### [DATA SECTION]
=-=-=

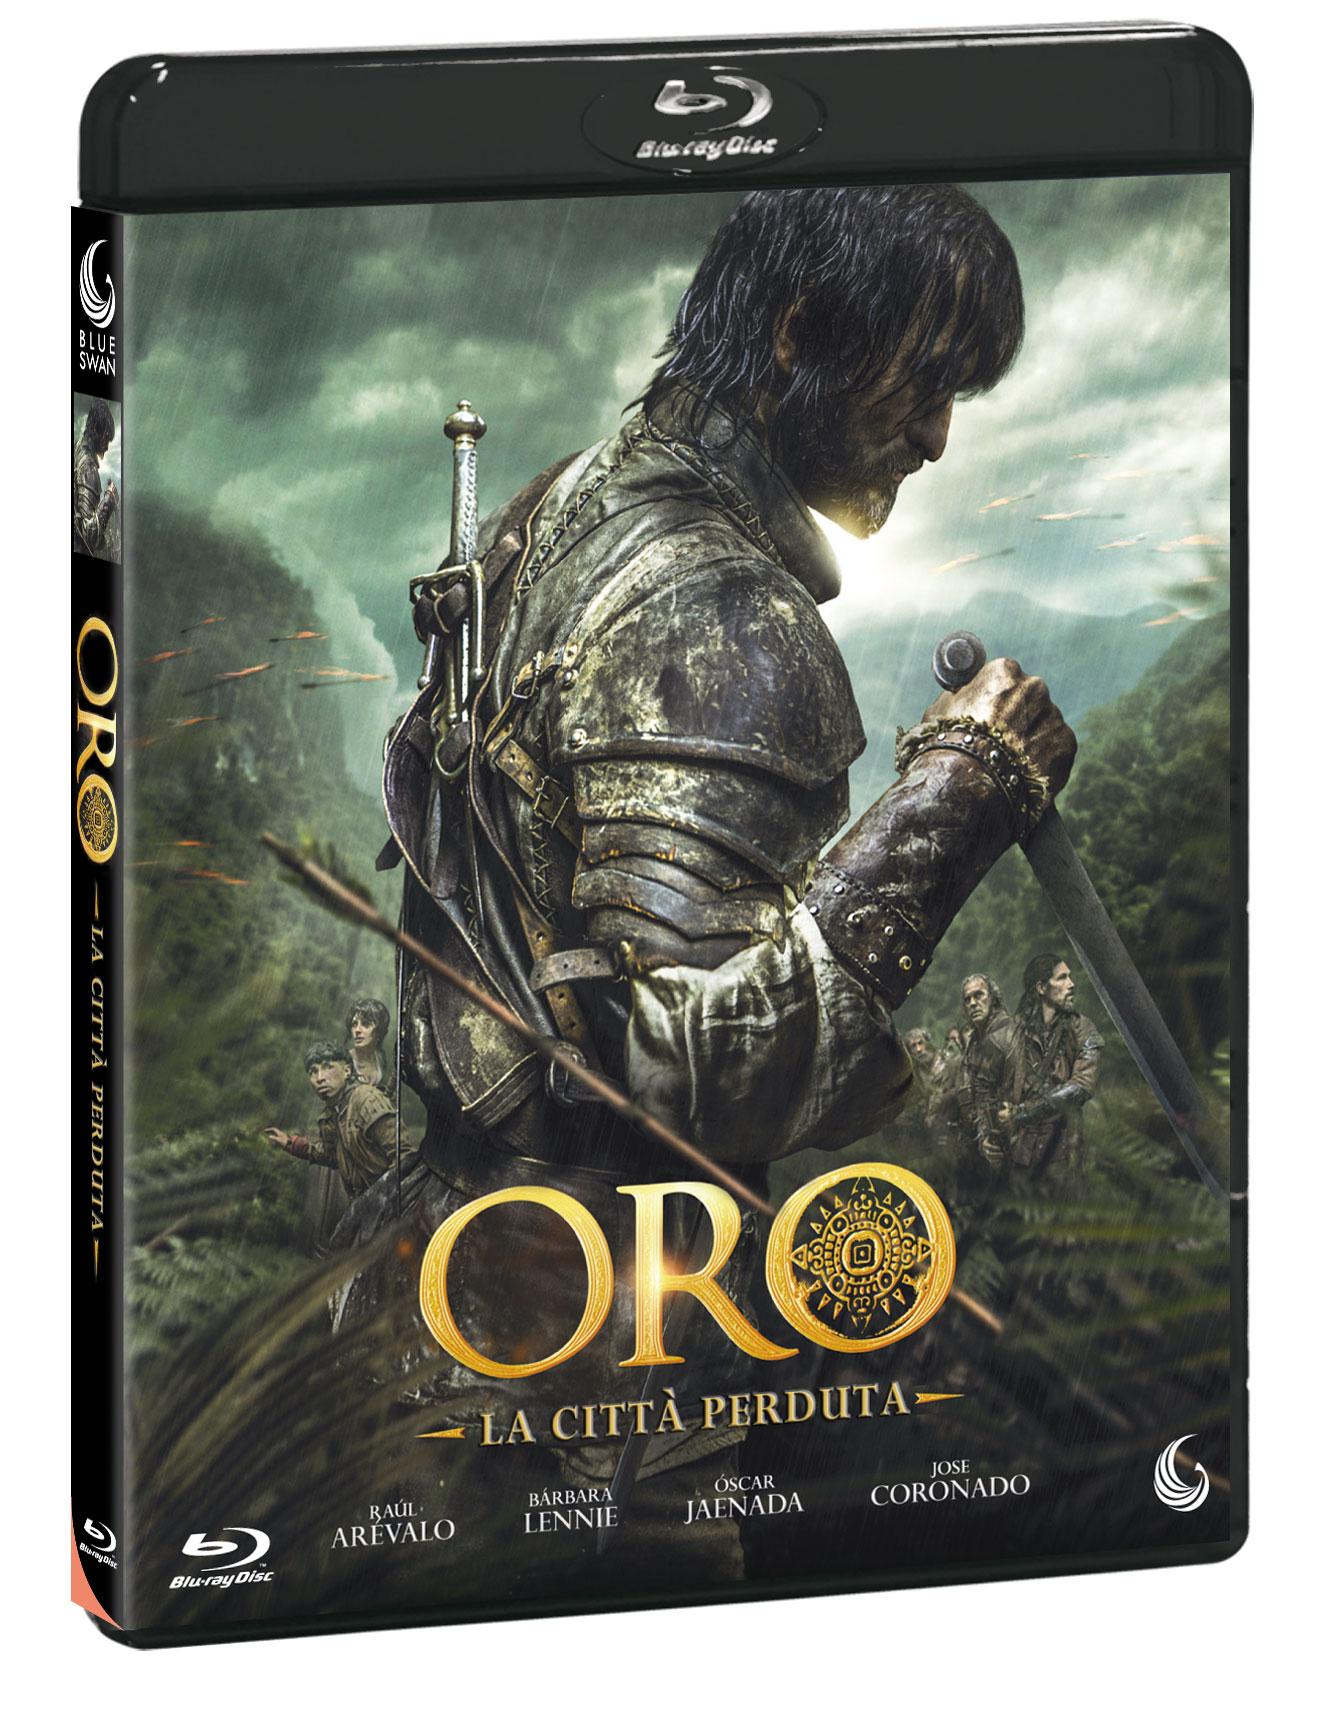 ORO - LA CITTA' PERDUTA - BLU RAY
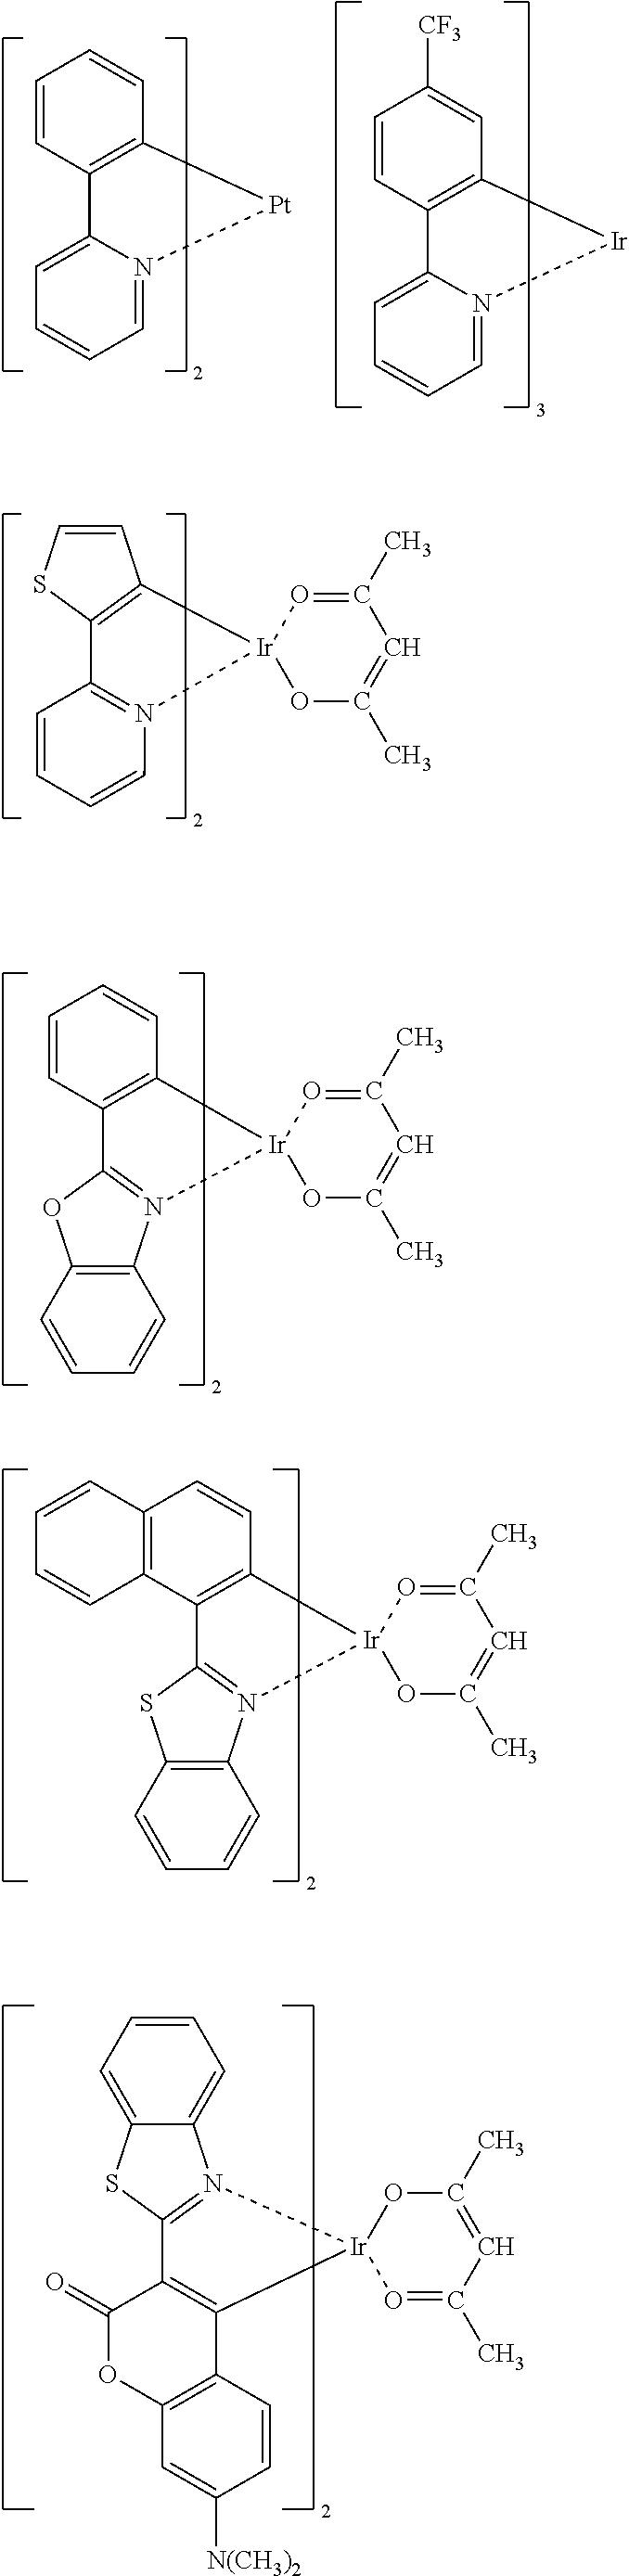 Figure US09837615-20171205-C00093
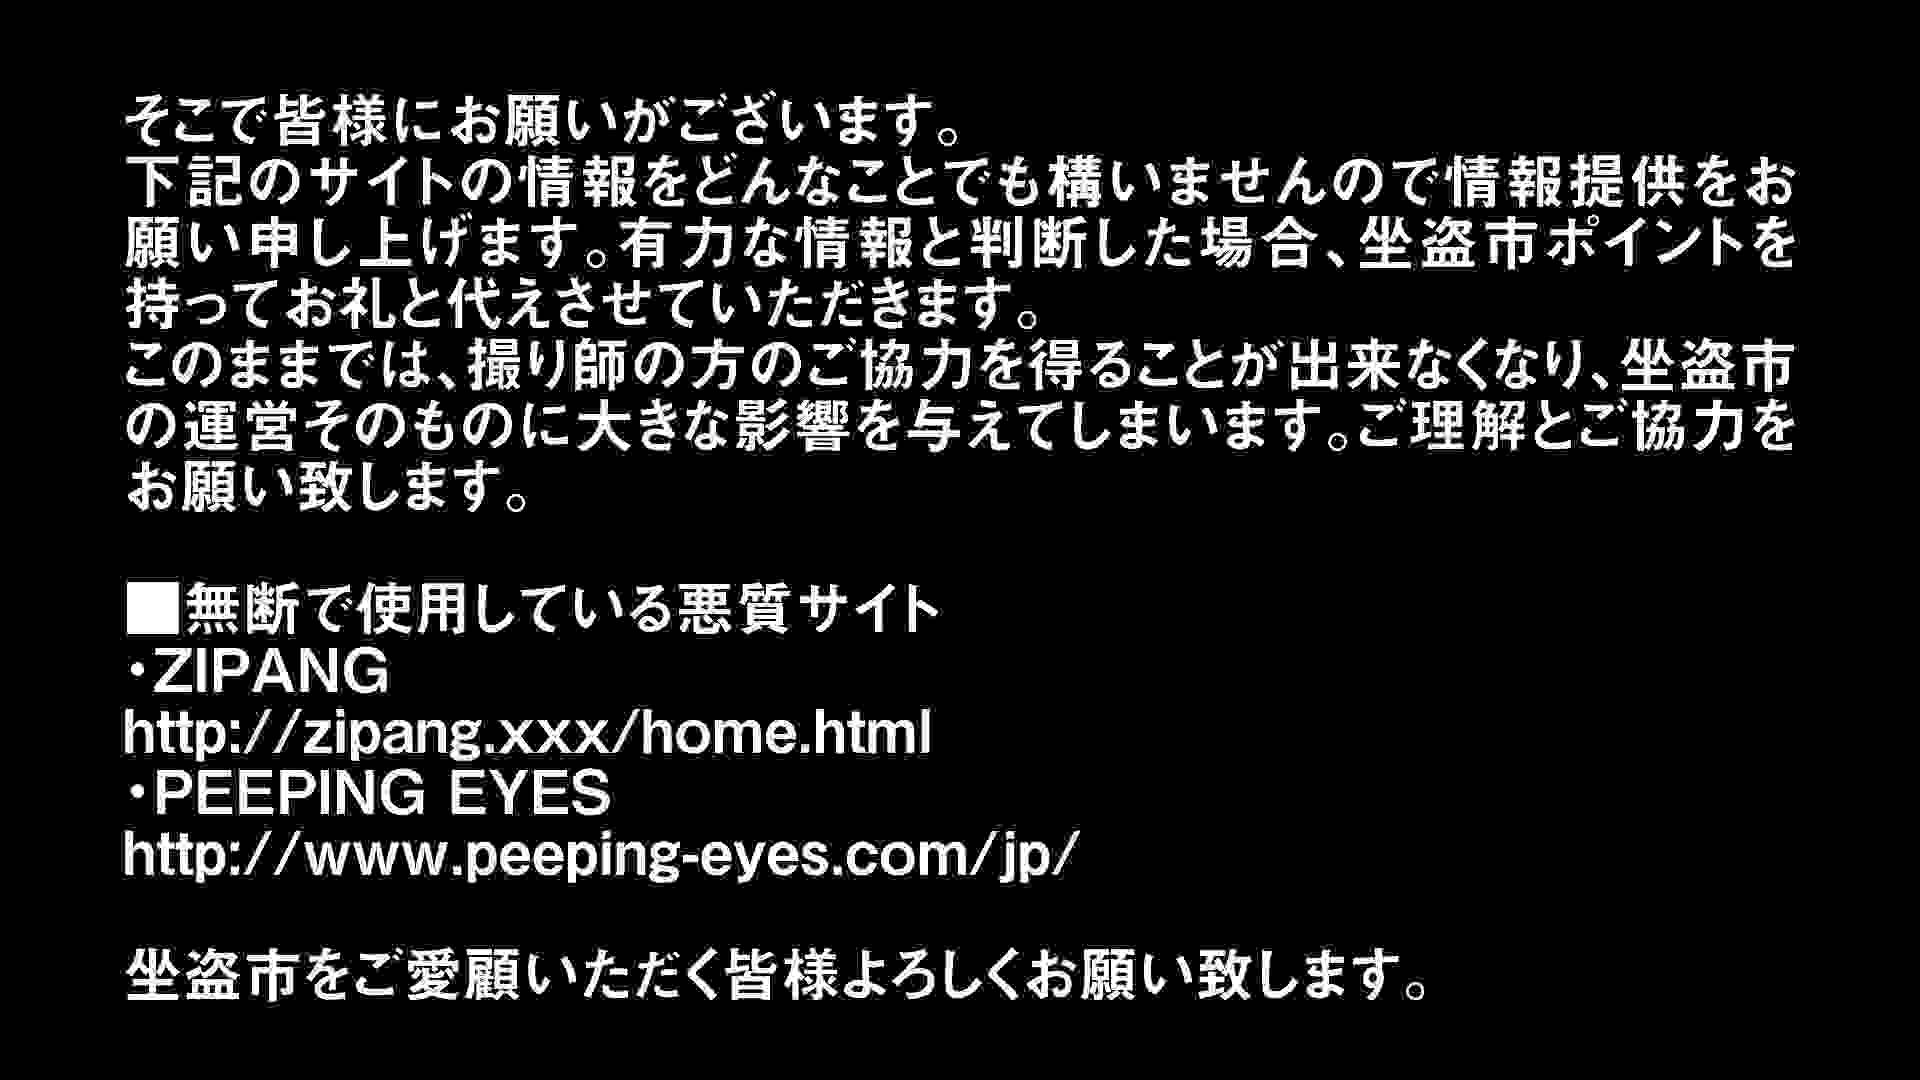 Aquaな露天風呂Vol.297 露天 | 盗撮  103画像 34

=-=-=

Copy out all of the data word for word. Do not carry over any picture.

### [TASK SOLUTION]
 ORO - LA CITTA' PERDUTA - BLU RAY
 Figure US09837615-20171205-C00093
 Aquaな露天風呂Vol.297 露天 | 盗撮  103画像 34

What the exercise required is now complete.